Idemitsu Kosan Co., Ltd (HQ: Tokyo-to Chiyoda-ku, Representative: Shunichi Kito, Trade name: Idemitsu Showa Shell, herein “Idemitsu Kosan”) and GRID Inc. (HQ: Tokyo-to Minato-ku, Representative: Masaru Sogabe, herein “GRID”), along with MITSUI & CO., LTD. (HQ: Tokyo-to Chiyoda-ku, Representative: Tatsuo Yasunaga, herein “Mitsui & Co.”) have announced the successful completion of the proof-of-concept (POC) experiment for their plan to apply deep reinforcement learning AI technology to the optimization of coastal ship routing.
This POC aimed to use AI techniques to both automate and optimize the creation of vessel routing plans, which until now was completely dependent on the knowledge of skilled workers with significant experience in the petroleum industry. The experiment included the creation of a simulator to recreate marine delivery of petroleum from refineries to oil tanks and an AI model for optimizing the vessel routing plan.
The vessel routing plan produced by the AI model demonstrated a stable supply of petroleum, as well as an increase in delivery efficiency of up to 20% [1] when compared to actual past data. Based on this result, the companies expect to achieve reductions in shipping costs, standardization of vessel route planning, and reductions in fuel consumption, leading to decreases in environmental impact. Additionally, this experiment demonstrated a significant reduction in the time required for route planning by a factor of 60, from approximately 1 month down to a few minutes [2].
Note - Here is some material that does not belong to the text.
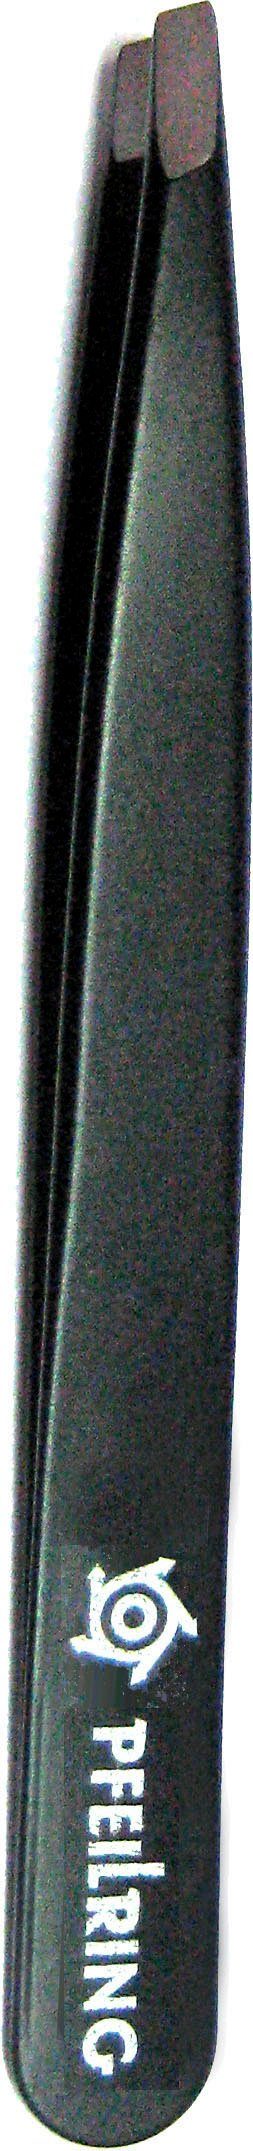 Pinzette, rostfrei schwarz 9,7cm, PFEILRING

This will significantly help vessel route planners, allowing them to rely on this technology to easily compare multiple routing plans to select the optimal plan. The optimization model factored in numerous restraints and conditions, such as vessel operation efficiency [3], stowage balance, time at sea, cargo handling time as well as overall vessel operation time. The plans generated by the AI model were also confirmed to be feasible in reviews by veteran route planners and ship operation companies.
The deep reinforcement learning technology at the core of this POC has previously been applied with great success to games such as go and chess but is often considered difficult to apply to real-world problems that contain extremely large numbers of combinations. In particular, this POC handled a route optimization problem with 10^800 possible combinations, significantly larger than the 10^360 possible combinations in a game of Go.
To select an optimal route from this vast solution space, this POC used a combination of algorithms in addition to the deep reinforcement learning mentioned above. The companies involved in this project expect this unprecedented achievement to be the first step in optimizing the entire supply chain. As the next step, they plan to validate this system with an increased number of refineries, oil tanks and vessels, as well as system development. They plan to begin production system operation in 2021.
※1 This was the largest improvement from Idemitsu Kosan’s POC test environment.
※2 Time required varies depending on the computational environment. The shortest time is listed here.
※3 Calculated by the product of total operation time, cargo ratio and ratio of time with cargo.